No optimisations were made for the performance of the prototype tool. Each of the operations of Figs. 7 and 8 could be checked instantaneously (within milliseconds) for an array of length 2. However, the execution time increased exponentially as the size of the array increased. This was due to the running time of the Z3 solver which had to deal with the tool’s representation of predicates increasing exponentially. While this lack of optimisation is acceptable for this prototype tool, implemented as a proof-of-concept, further optimisations would be required to allow the logic to be applied to larger examples.

11 Conclusion

In this paper, we have presented a comprehensive information-flow logic for ARM and POWER multicore processors. Our logic supports dynamic, value-dependent security classifications, and is compositional, flow-sensitive, and enforces a constant-time guarantee. It has been proven sound with respect to existing, validated operational semantics of ARM and POWER, and implemented in a symbolic execution tool. The latter was enabled by designing the logic for automation; it is both thread-local (allowing reasoning about one thread at a time), and step-local (allowing reasoning about one line of code at at time).

Our immediate future work will focus on two tasks. First, we will extend the logic with general rely/guarantee conditions allowing assumptions to be used in thread-local reasoning that include arbitrary constraints between program variables (see [10] for progress in this direction). This will widen the logic’s applicability by allowing assumptions which hold only under certain conditions, and hence can vary as the program executes. Second, we will adapt our logic to a suitable intermediate representation into which we can lift actual ARM and POWER assembly code. Such an intermediate representation will need to be accurate enough to maintain all ordering and dependencies on assembly instructions.
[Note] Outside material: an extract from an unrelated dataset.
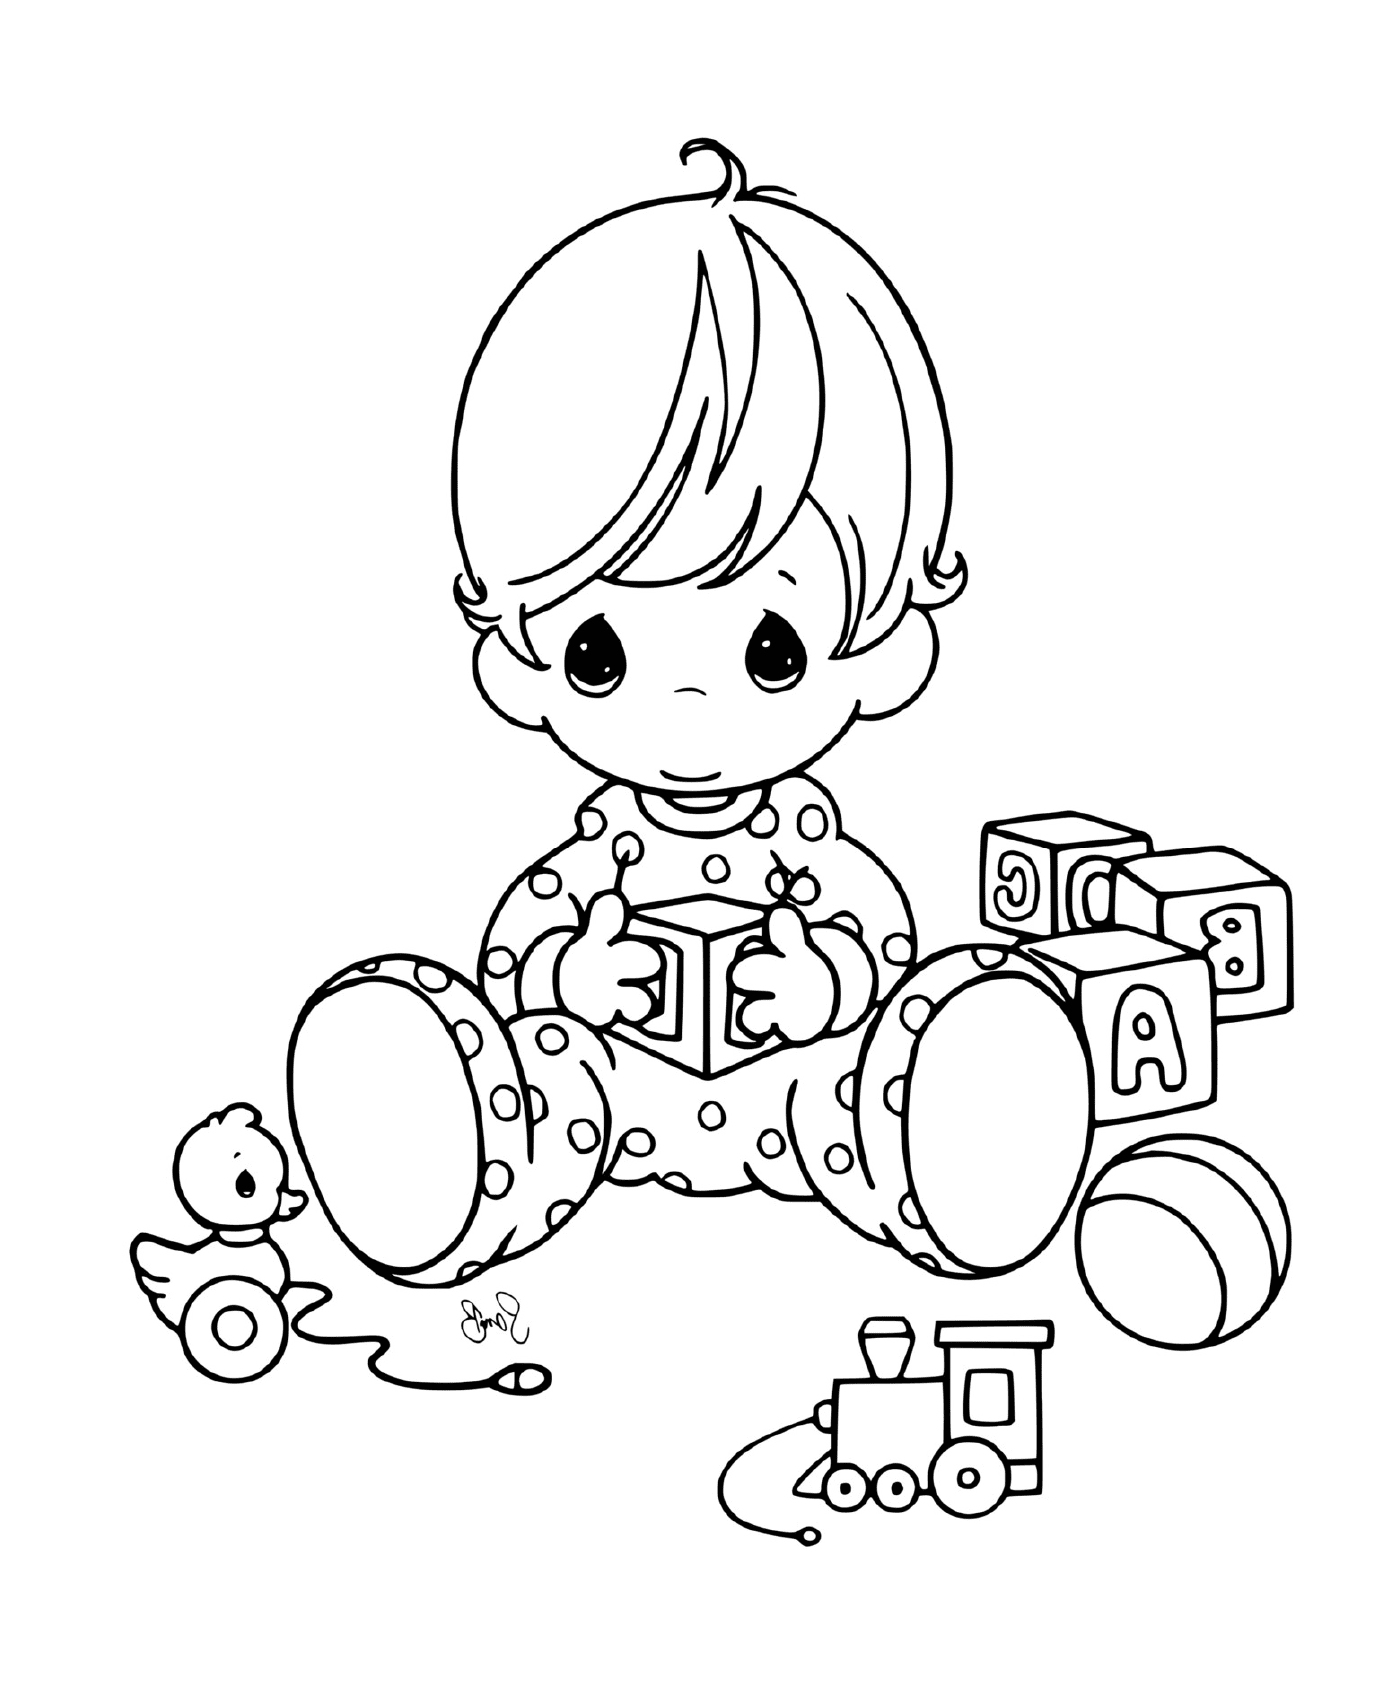  एक बच्चा अपने खिलौने के साथ

Longer term we will focus on improving the efficiency and scalability of tool support for our logic, and its adaptation to other processors such as the open-source RISC-V architecture.
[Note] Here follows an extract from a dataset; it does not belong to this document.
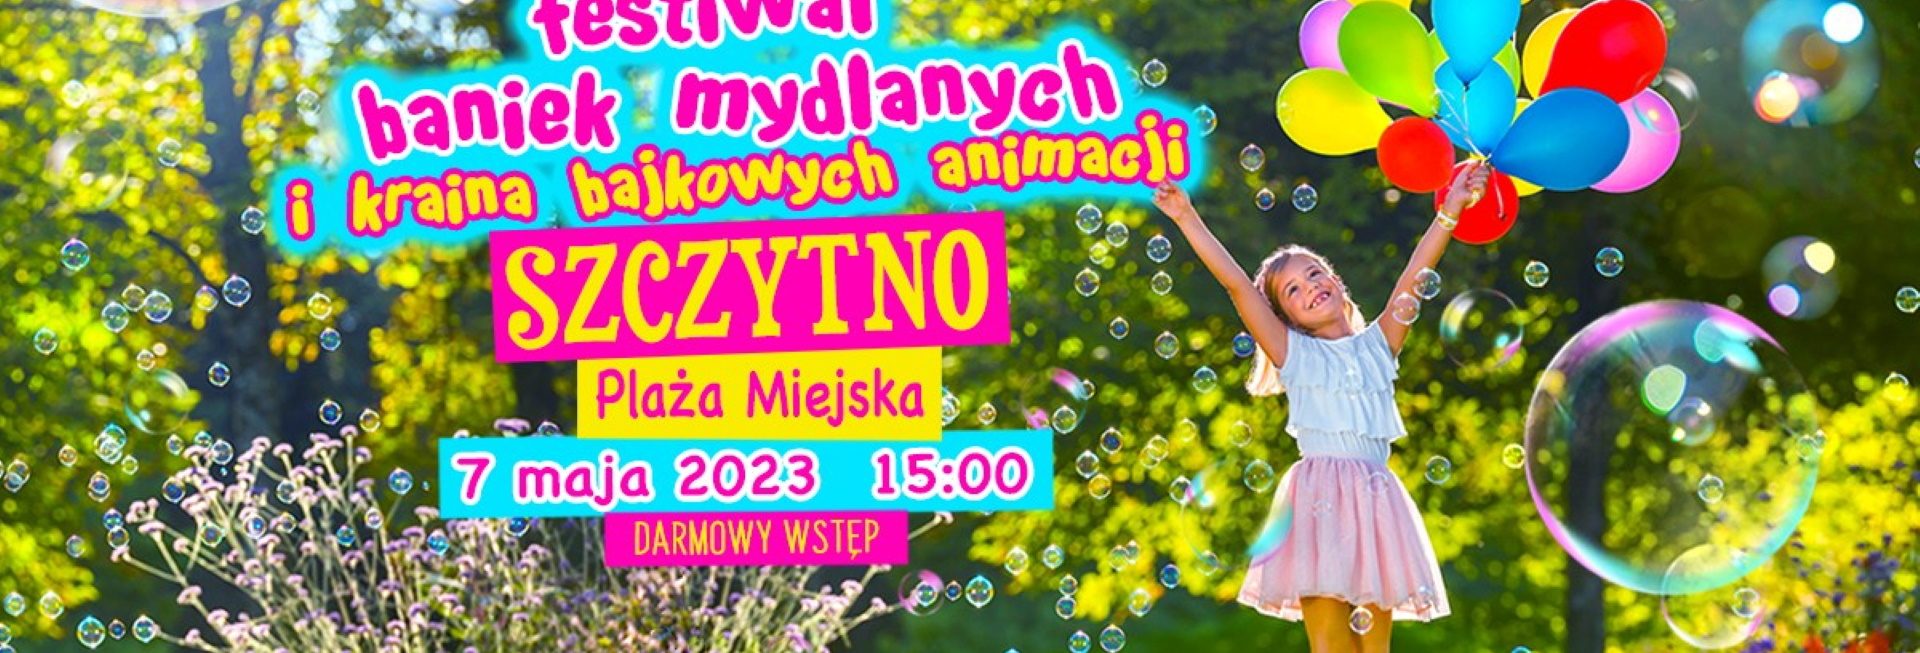 Plakat zapraszający w niedzielę 7 maja 2023 r. do Szczytna na Festiwal Baniek Mydlanych i do Krainy Bajkowych Animacji w Szczytnie! 2023.

Finally, we note that we expect our logic could also be extended to reason about programs that intentionally reveal secret information, i.e. secure declassification. Specifically, recent work [34] has shown how declassification policies can be reasoned about from functional correctness annotations on concurrent programs. These annotations take the form of predicates P that annotate each program statement. Our program logic already provides a mechanism for computing such annotations in the form of the predicates P in its state \(\varGamma , P, D\), at each point of the program text. We leave investigation of this intriguing possibility for future work.